Thanks for doing this! :beer:


----------



## JamesM56alum (Apr 18, 2012)

Np i'll be doing a wiring DIY next week not that any one need's any one the wire's are labled but it might help some one down the road.


----------



## Jdholmes (Apr 18, 2012)

Great job, man!


----------



## Gramps50 (Apr 18, 2012)

When I pack bearing by hand I always put a glob of grease in the palm of my hand and then take the bearing holding it with the big side down I press that into the grease turn and repeat this will force the grease into the bearing itself. 

Nice DYI, came see this being helpful for someone down the road.


----------



## lckstckn2smknbrls (Apr 18, 2012)

Gramps50 said:


> When I pack bearing by hand I always put a glob of grease in the palm of my hand and then take the bearing holding it with the big side down I press that into the grease turn and repeat this will force the grease into the bearing itself.
> 
> Nice DYI, came see this being helpful for someone down the road.


This and when you tighten the castle nut you want to tighten it till the hub is hard to spin. This will set the bearings in place then you have to loosen the nut and and tighten it finger tight till the hub has a little give to it. You don't want the bearings over tightened.


----------



## sixgun86 (Apr 20, 2012)

Very nice write up. =D>


----------



## jasper60103 (Apr 20, 2012)

Very good instructions. Thanks for sharing. =D>


----------



## JMichael (Apr 21, 2012)

Gramps50 said:


> When I pack bearing by hand I always put a glob of grease in the palm of my hand and then take the bearing holding it with the big side down I press that into the grease turn and repeat this will force the grease into the bearing itself.
> 
> Nice DYI, came see this being helpful for someone down the road.


That is the way I was taught was the proper method of hand packing a bearing. You force the grease into one side, until it starts to come out the opposite side, then rotate the bearing and repeat. 

And I know it's getting nitpicky, but it's "cotter" not "carter" key/pin.
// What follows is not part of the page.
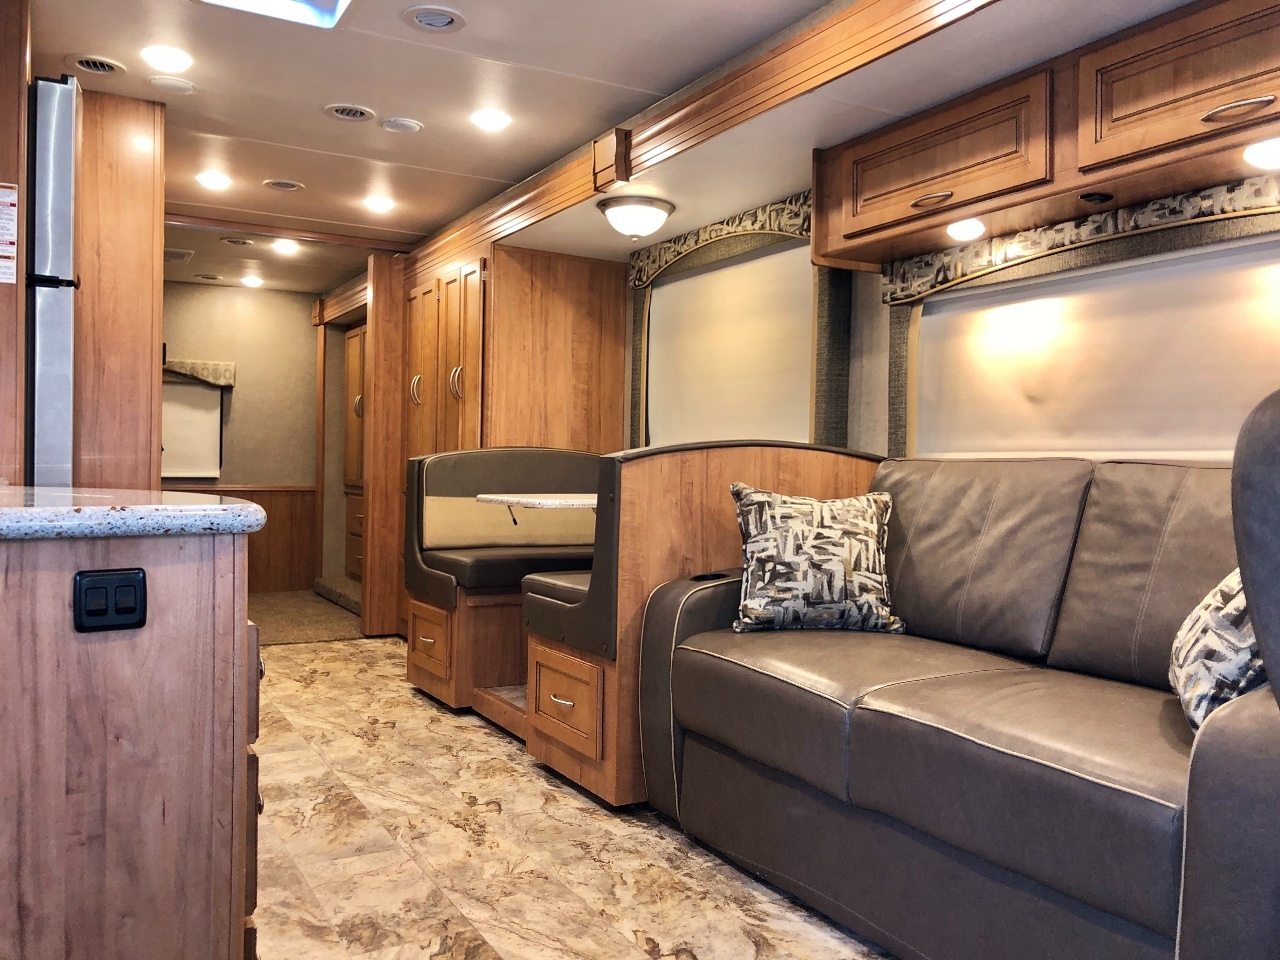 20173a2017 Coachmen Rvs For Sale 11888 Rv Trader Prewire Over Fireplace In Saratoga Ca Mw Home Entertainment Wiring
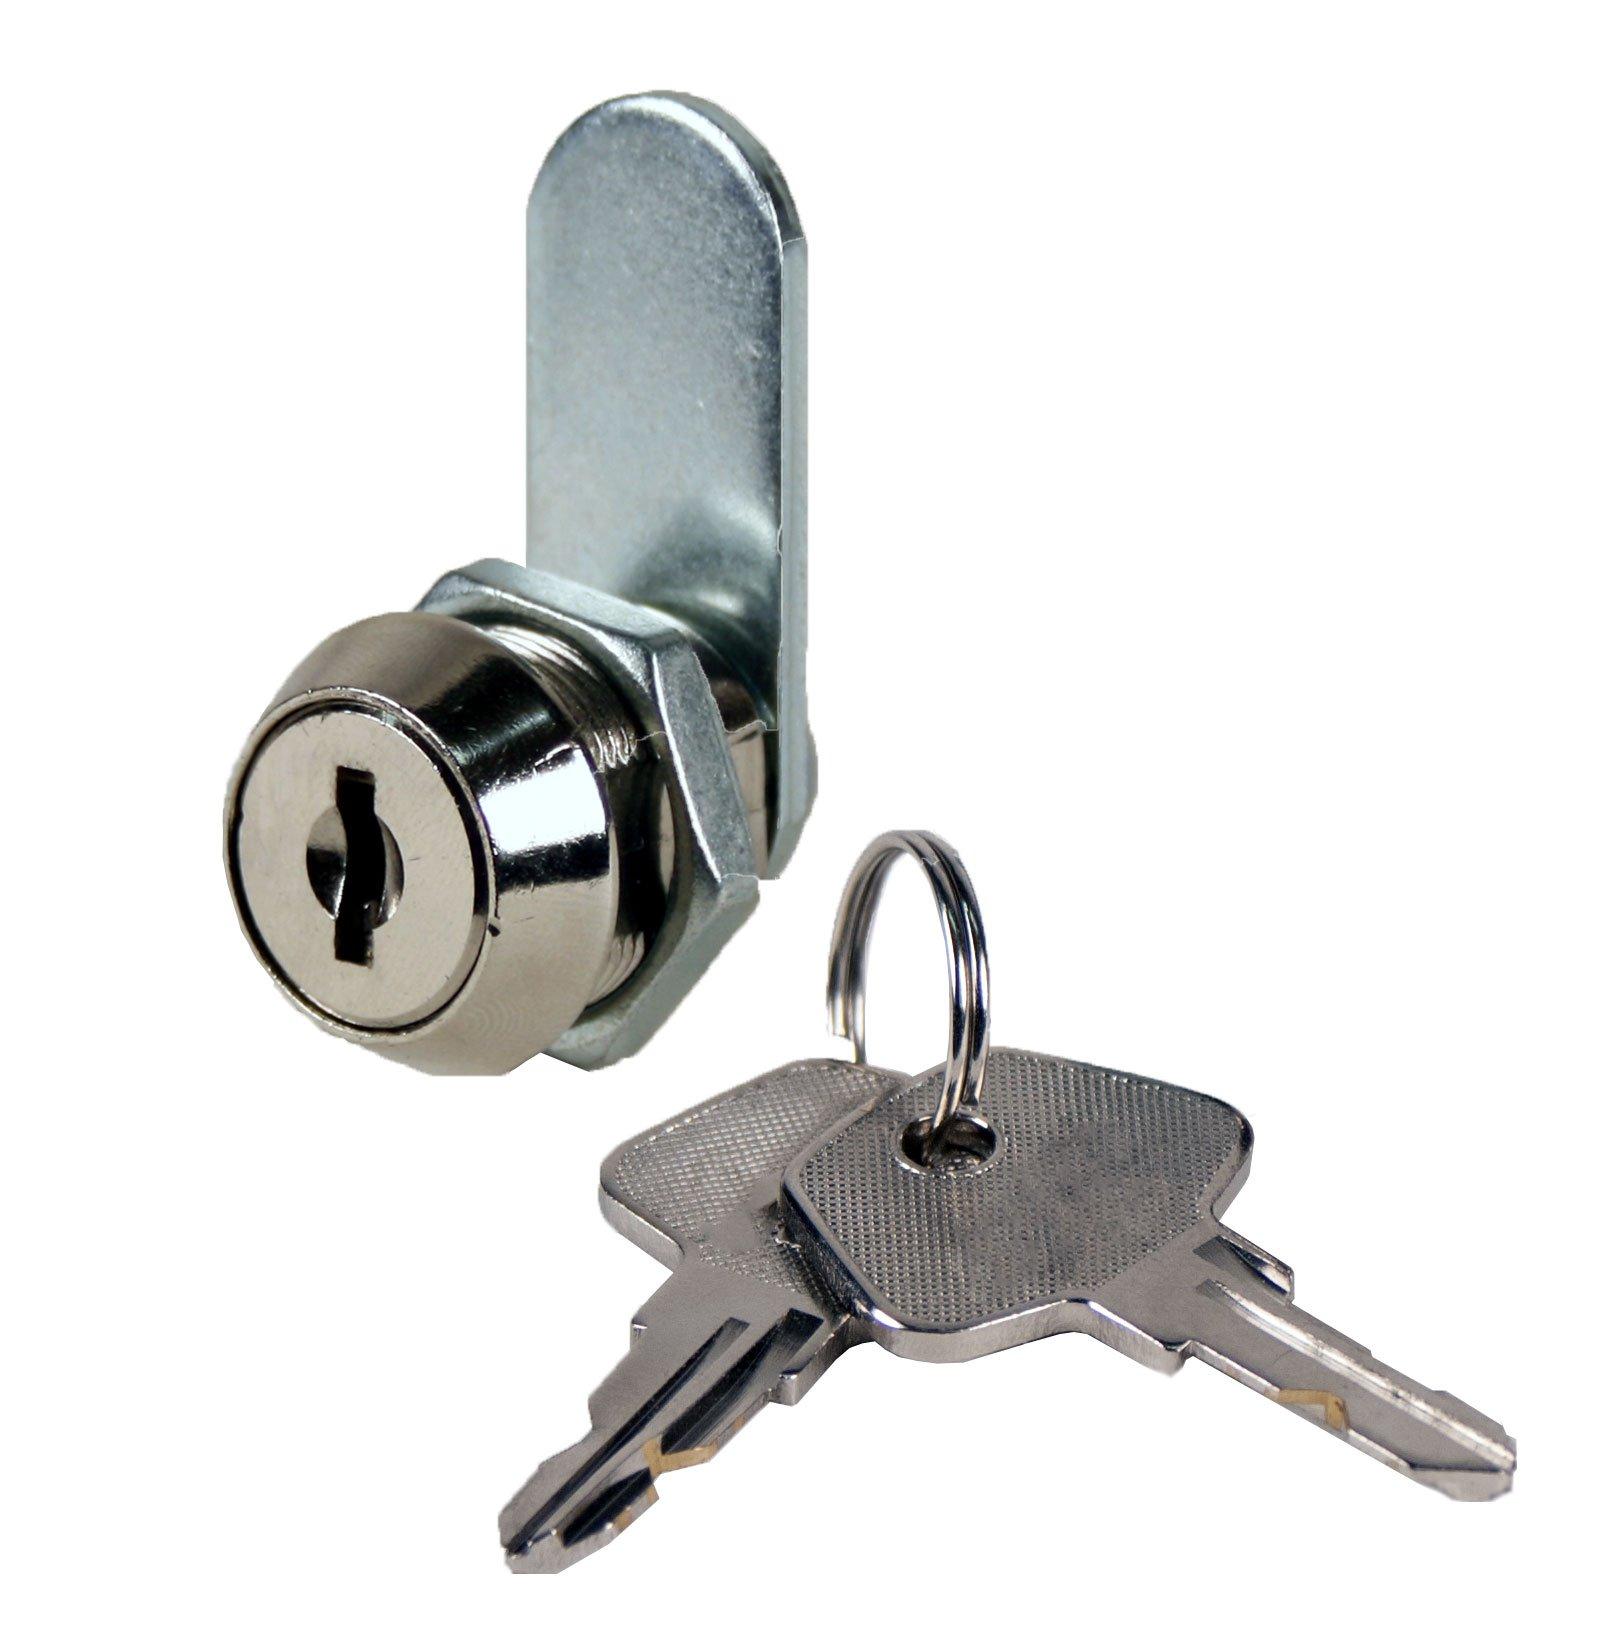 FJM Security 3403AS-KA High Security Disc Tumbler Cam Lock with 5/8'' Cylinder and Chrome Finish, Keyed Alike

But it's a nice writeup, and I'm sure it will be very helpful to anyone that's never attempted to do their own bearings.


----------



## jeko1958 (Apr 24, 2012)

Great post...great photos...thanks!


----------



## JamesM56alum (Apr 26, 2012)

your welcome, and thank you lol feel free to add any tips or trick's you may know to this thread, that's why i posted it the way i did because every one always has different way's of doing thing's and it's nice seeing them because maybe one way might fit you better than another.


----------



## aeviaanah (Apr 27, 2012)

Thanks for posting this I found a cracked leaf spring. I'm replacing bearings, races etc in the process. Good to have a guide to go by!


----------



## y0y0y0 (Jun 26, 2012)

Very nice write up. It will come in handy soon.


----------



## nomowork (Jul 1, 2012)

Good stuff! I've done it that way for many decades. It took old age for me to finally get a bearing packer though.


----------